Abstract

Neural radiance fields (NeRFs) have gained popularity in the autonomous driving (AD) community. Recent methods show NeRFs’ potential for closed-loop simulation, enabling testing of AD systems, and as an advanced training data augmentation technique. However, existing methods often require long training times, dense semantic supervision, or lack generalizability. This, in turn, hinders the application of NeRFs for AD at scale. In this paper, we propose NeuRAD, a robust novel view synthesis method tailored to dynamic AD data. Our method features simple network design, extensive sensor modeling for both camera and lidar — including rolling shutter, beam divergence and ray dropping — and is applicable to multiple datasets out of the box.

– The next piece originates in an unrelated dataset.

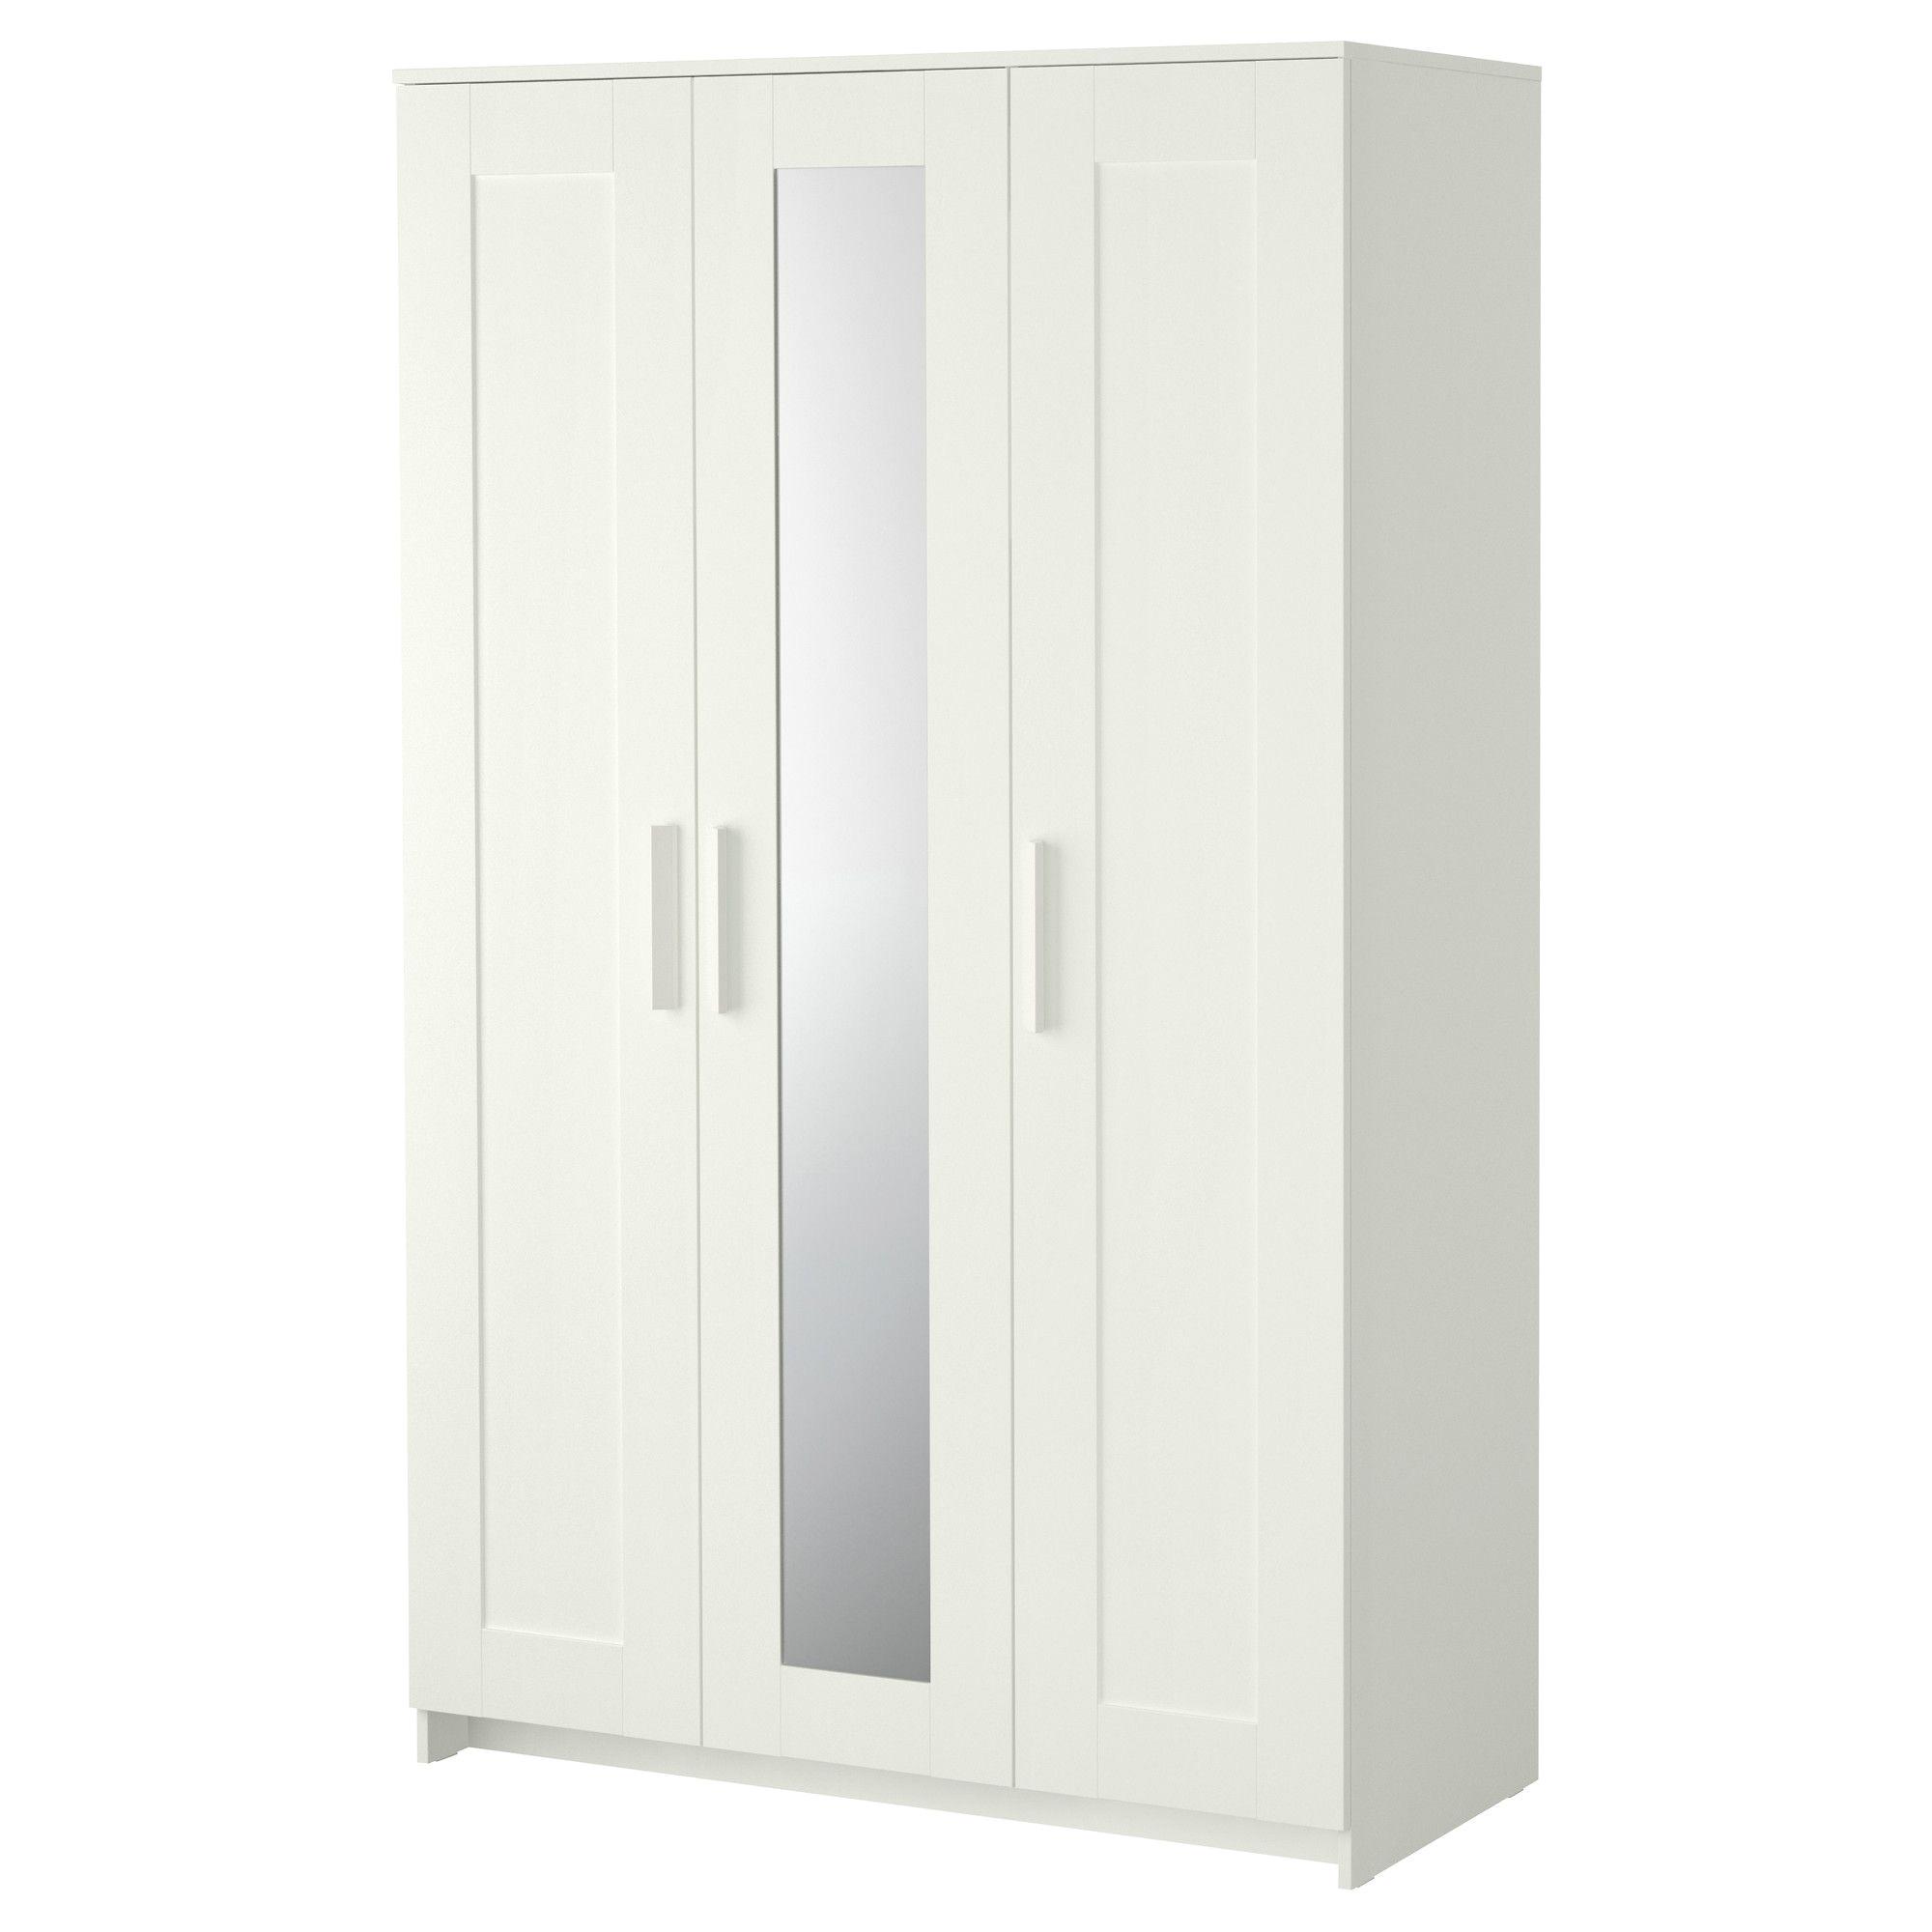 brimnes wardrobe with 3 doors white ikea

We verify its performance on five popular AD datasets, achieving state-of-the-art performance across the board. To encourage further development, we openly release the NeuRAD source code.


Method

The core of NeuRAD is a Neural Feature Field (NFF), a generalization of NeRFs and similar approaches. The NFF is a function \(F(\mathbf{x}, t, \mathbf{d})\) that maps a 3D point at a current time \(\mathbf{x_i}, t_i\), and a direction \(\mathbf{d_i}\) to a geometry descriptor \(s_i\) and a feature vector \(\mathbf{f_i}\). We then use volume rendering to generate per-ray features \(\mathbf{f}\) and expected depth. For lidar rays we use a small MLP to predict the probability that the ray did not return (ray drop), as well as the intensity of the return. For camera rays, we arrange features into a patch, and use a small ConvNet to predict the RGB color of the patch.

Crucially, we apply a number of sensor-specific modeling techniques to improve the rendering quality. These are described in more detail below.

Rolling Shutter

Rolling shutter is caused by the fact that both cameras and lidars typically do not capture the entire scene at the same time. Instead, they capture the scene sequentially, one row at a time for images, and in a rotating manner around the height axis for a 360-spinning lidar. This means that each pixel and lidar point has an individual timestamp, and it is especially problematic for dynamic scenes, as the scene can change significantly between the first and last measurement in a given scan.

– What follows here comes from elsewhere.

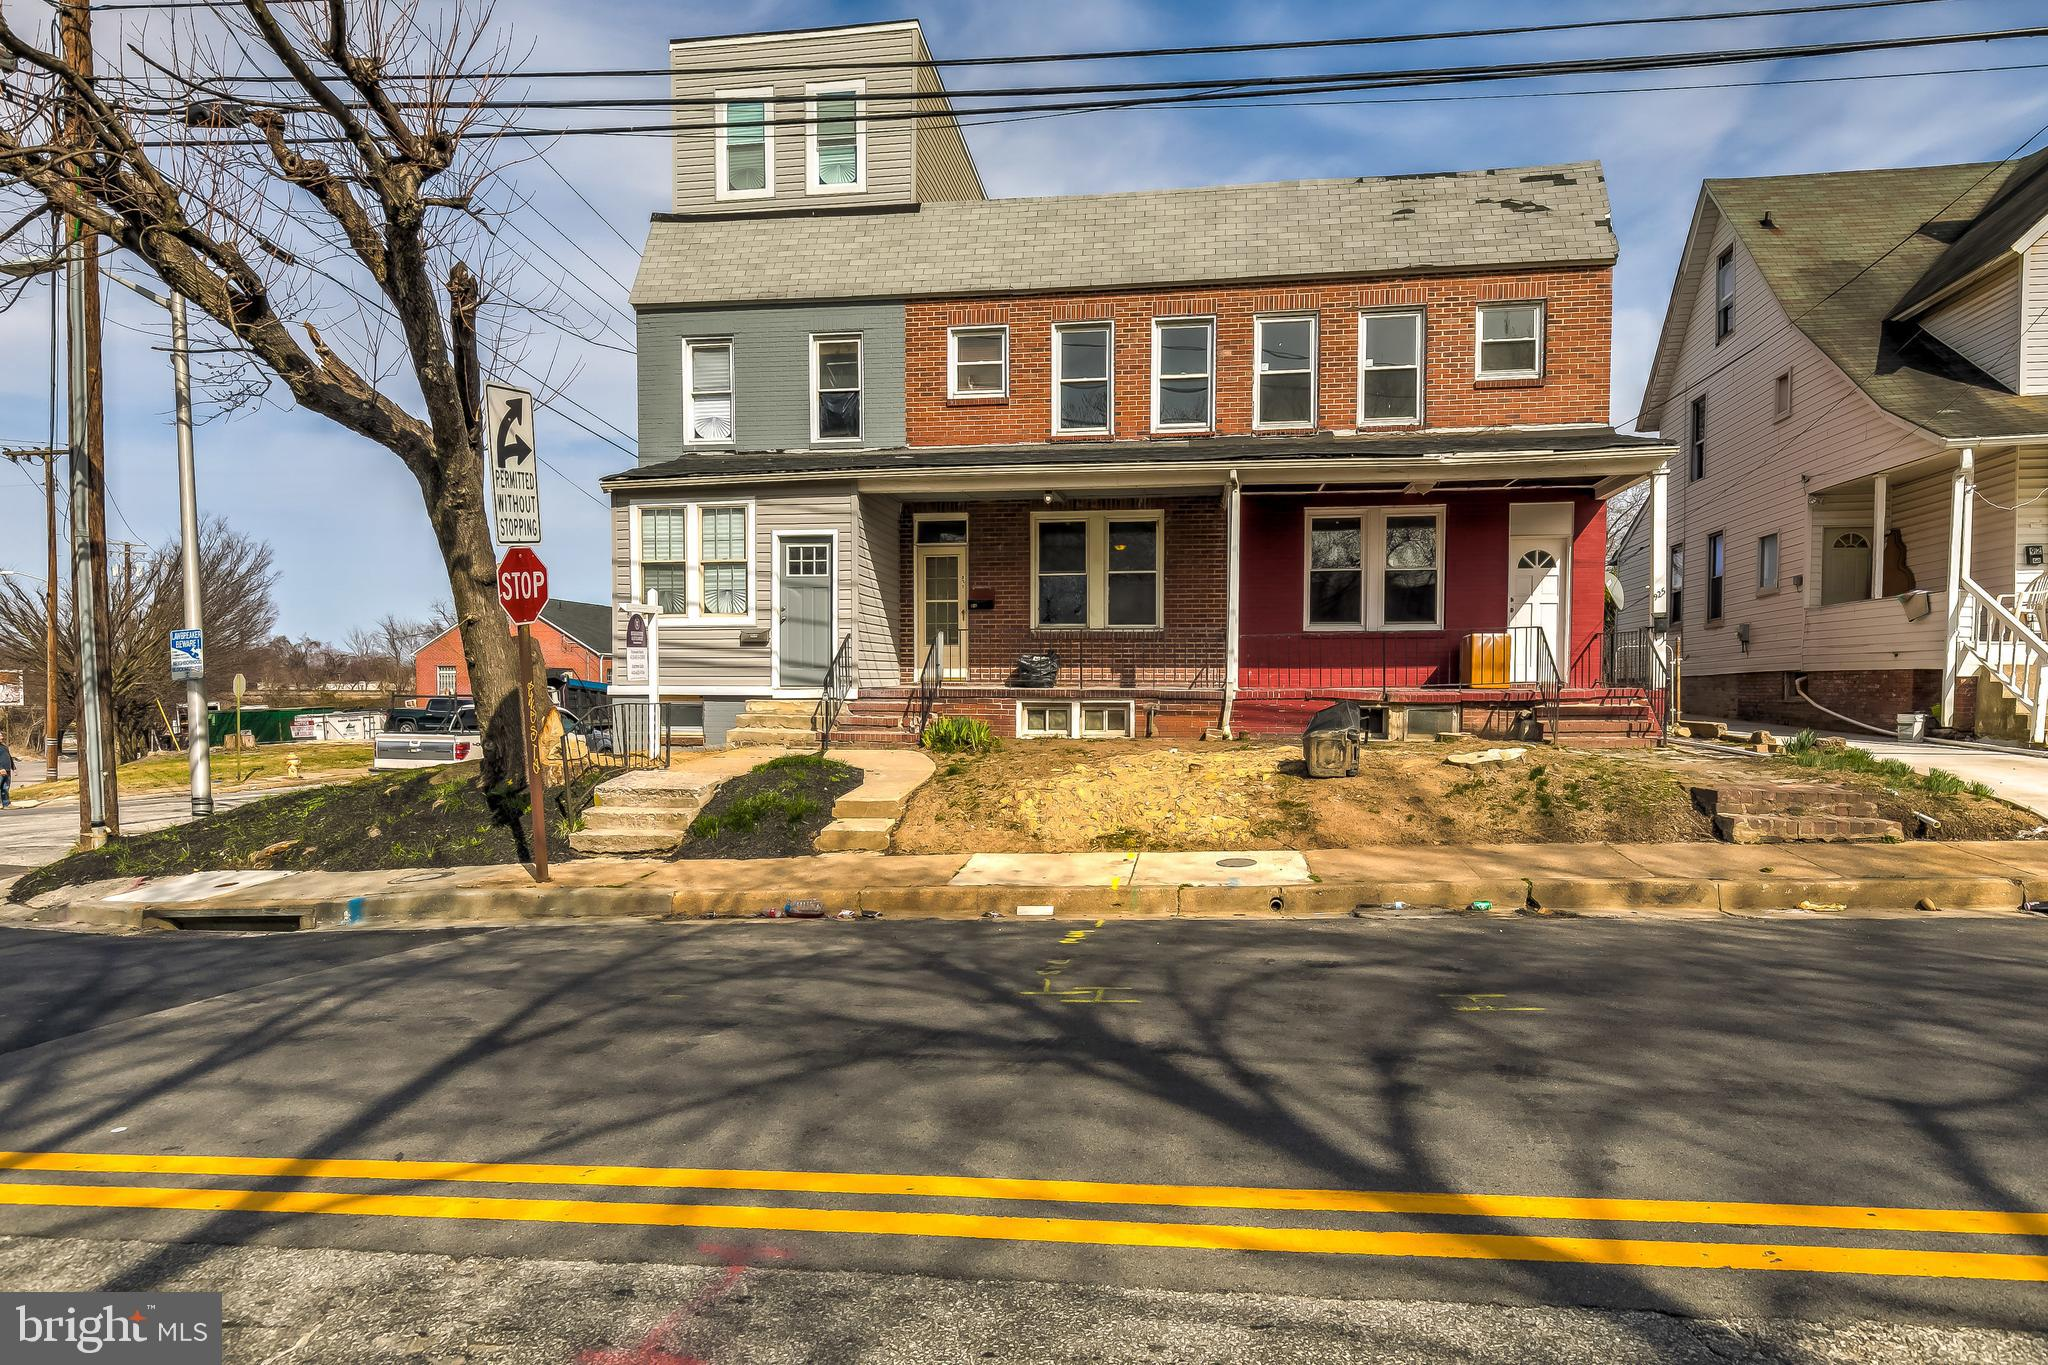 929 N Kresson Street, Baltimore, MD 21205

To compensate for this effect we explicitly assign individual timestamps to each pixel and lidar point, and adjust the ray origin and direction accordingly by linearly interpolating the sensor pose. We additionally interpolate the poses for all dynamic actors in the scene as well. The impact of this detailed modelling is shown below:

Fig. 1: Effect of rolling shutter on RGB
Fig. 2: Effect of rolling shutter on depth

Ray divergence

Recent work has shown that NeRFs suffer from aliasing artifacts when objects in the scene are viewed at different distances. This is especially problematic in automotive scenes, where the sensors (ego vehicle) moves through the scene, and the distance to the objects in the scene changes. Inspired by recent work , we model the beam divergence of the lidar sensor, and the size of individual pixels, by reweighting the iNGP hashgrid features. Specifically, for a given ray sample, we compare the volume of the frustum it represents, with the volume of a voxel at each resolution of the hashgrid. We then downweight features for scales that are much smaller than the considered frustum.

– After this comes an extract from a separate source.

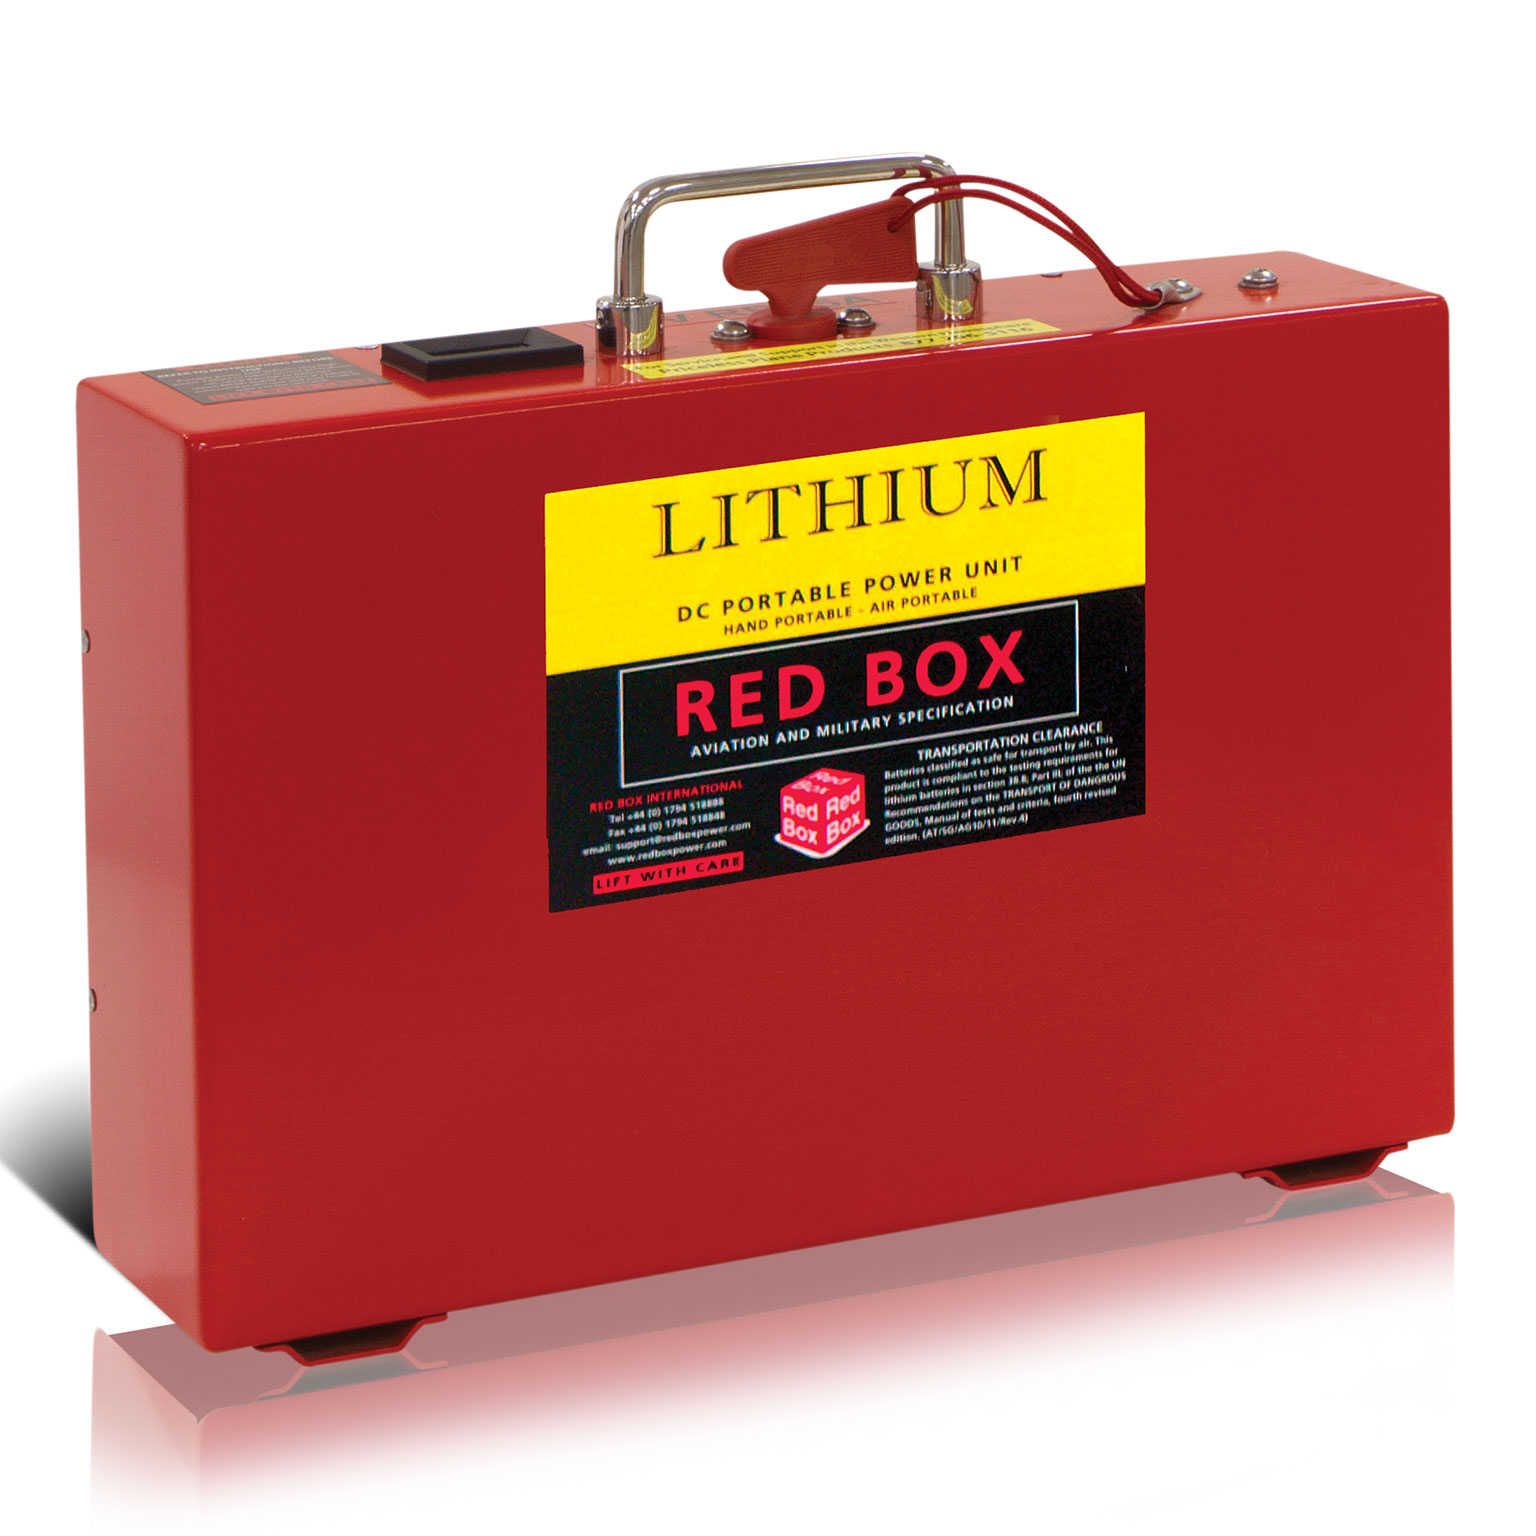 RBL2500 Lithium Start Power Unit

Note that this formulation is different from prior work, where the downweighting is based on Gaussians, and the hashgrid is sampled multiple time, incurring a significant computational overhead. In contrast, our formulation is simpler and faster, but expressive. Still, we find that it significantly improves the rendering quality, and especially the depth estimation.

Sensor embeddings

An autonomous vehicle typically records the scene using multiple cameras, which can differ quite a bit. Sometimes they are entirely different models, and sometimes they are the same model, but with different settings. Even with all settings being equal dynamic adjustments of the sensor parameters, such as exposure time, can cause the same camera to capture the same scene differently. This results in inconsistencies in the data, which is highly problematic for the RGB reconstruction loss. To address this, we concanetate a learnable sensor embedding to the rendered feature \(\mathbf{f}\), before modality decoders. This allows the network to learn to compensate for the differences in the sensors, and results in a more consistent reconstruction, as is illustrated below:

Fig. 3: Rendering without and with sensor embedding

Note that this is inspired by recent work on NeRFs in the wild , with two key differences. First, we only learn a single embedding per sensor, not per image, improving generalizaiton to novel views. Second, we apply the sensor embedding after the volume rendering, reducing the computational overhead. This is not possible in the original work, as they directly render RGB, whereas we render high-level features.